[BUG] decimal.js false-positive detection in monorepo

[sylver]

Describe the bug

When used in the context of a monorepo (typically with pnpm), since all packages dependencies are hoisted to <root>/node_modules, if any of them has decimal.js in its dependencies (even a nested one), the method getDecimalJSInstalled using require.resolve finds it in the root node_modules and returns true as a false positive (since the module is not actually a dependency of the current package).

A typical tree would be :

<root>/
 |- node_modules/  // `pnpm` hoisting all modules here, including `zod-prisma-types` and `decimal.js`
 |- packages/
 |   |- package-a/
 |   |   |- schema.prisma
 |   |   |- node_modules/ // `zod-prisma-types` installed here
 |   |   
 |   |- package-b/
 |   |   |- node_modules/ // `decimal.js` installed only here, not even as a direct dependency of `package-b`
... ...  ...

Package versions (please complete the following information):

• zod: 3.22.4
• zod-prisma-types: 3.1.6
• prisma: 5.11.0

Additional context

zod-prisma-types/packages/generator/src/utils/getDecimalJSInstalled.ts

Lines 1 to 8 in a34b9f3

	export const getDecimalJSInstalled = () => {
	try {
	require.resolve('decimal.js');
	return true;
	} catch (_e) {
	return false;
	}
	};

The method getDecimalJSInstalled should use a more contained approach to detect if decimal.js module is a dependency of the current package.
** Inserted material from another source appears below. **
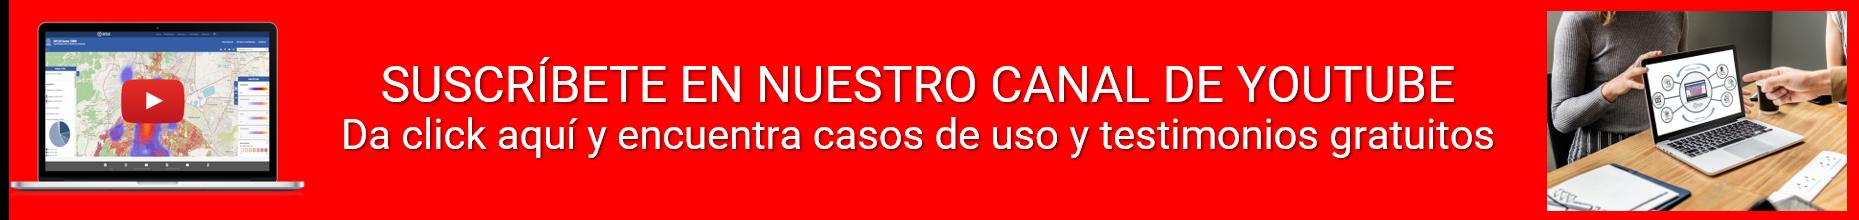 Datlas_Promo_Youtube_Suscribe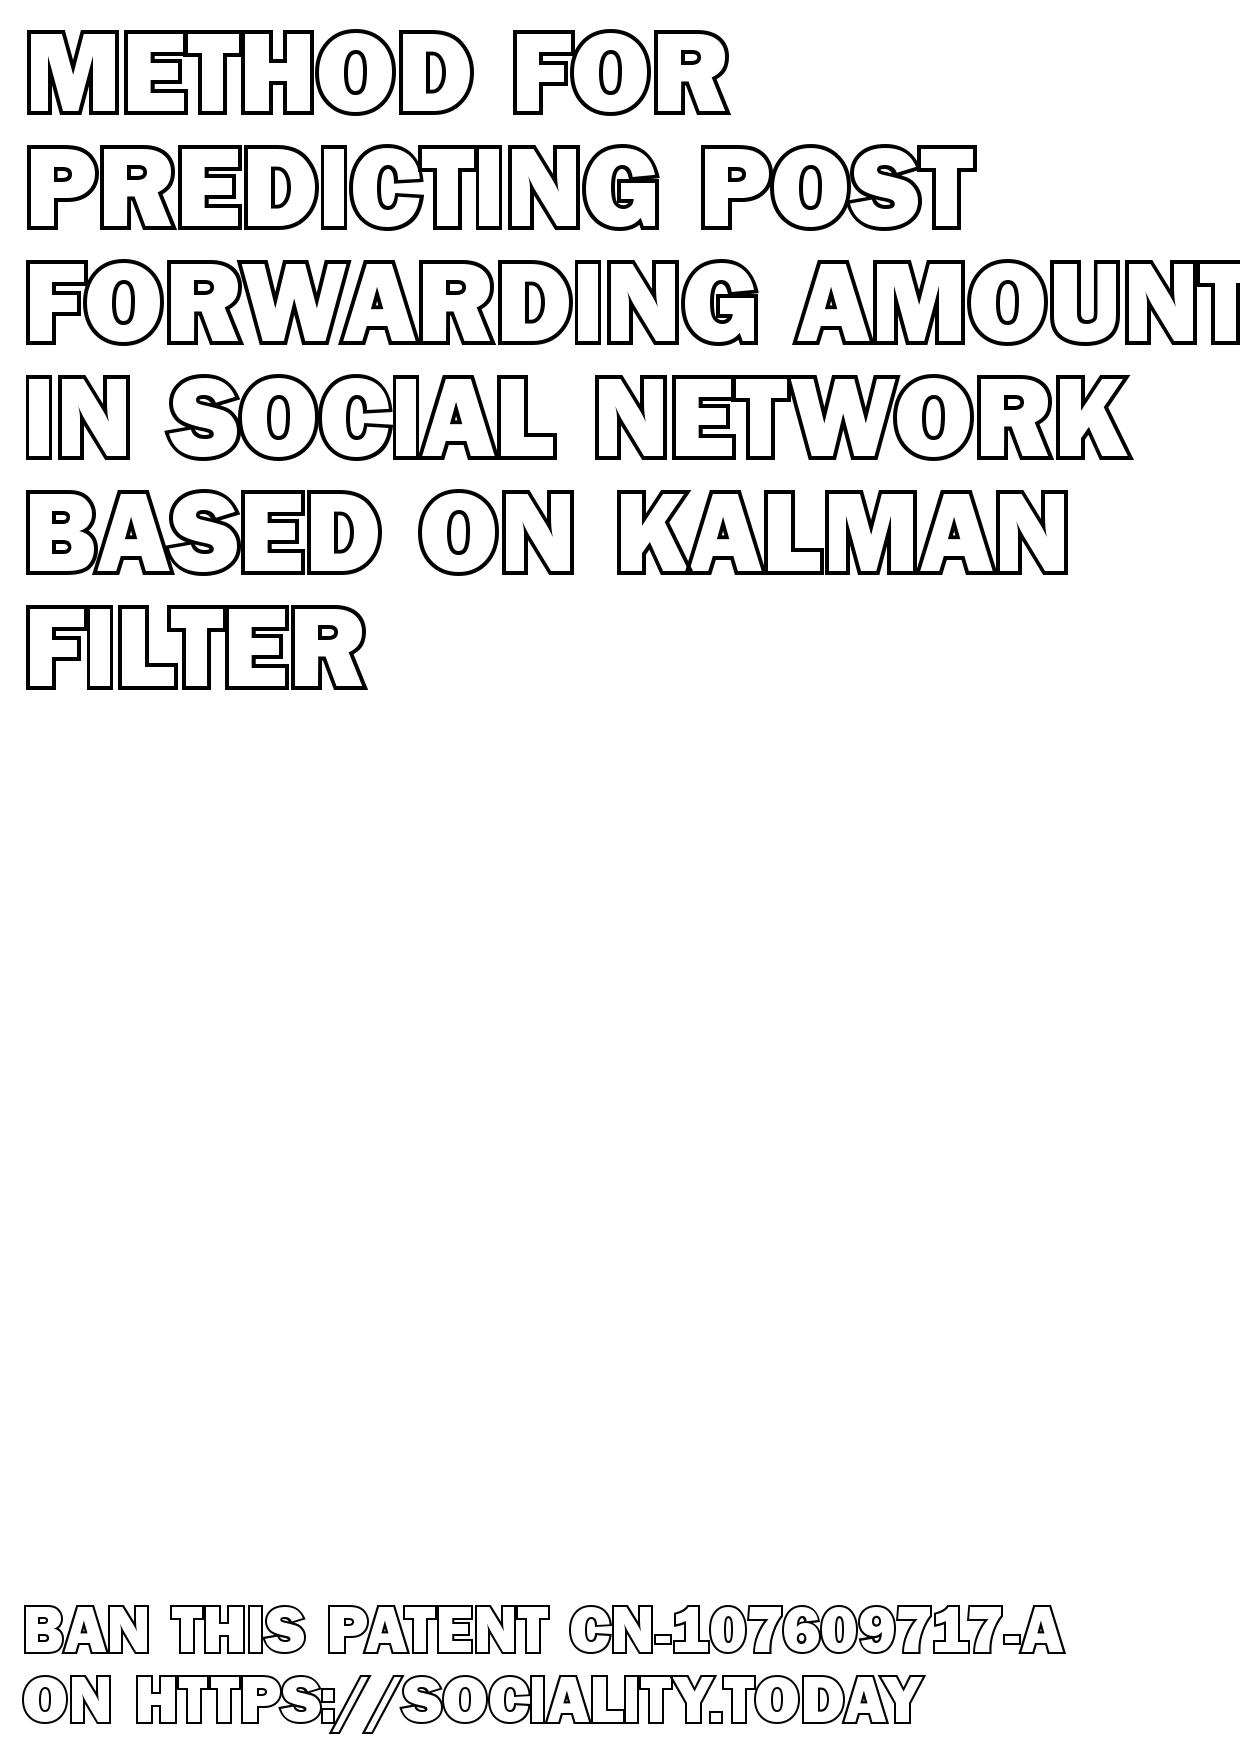 Method for predicting post forwarding amount in social network based on Kalman filter  - CN-107609717-A

Problem is, given the versatile nature of monorepo dependency hoisting and the several options given to the user to set it up, it can become very tricky to know if a given decimal.js package is actually a direct dependency of the current package or not.

I would probably look directly into the current package.json dependencies since that would be the only reliable source of truth in such context.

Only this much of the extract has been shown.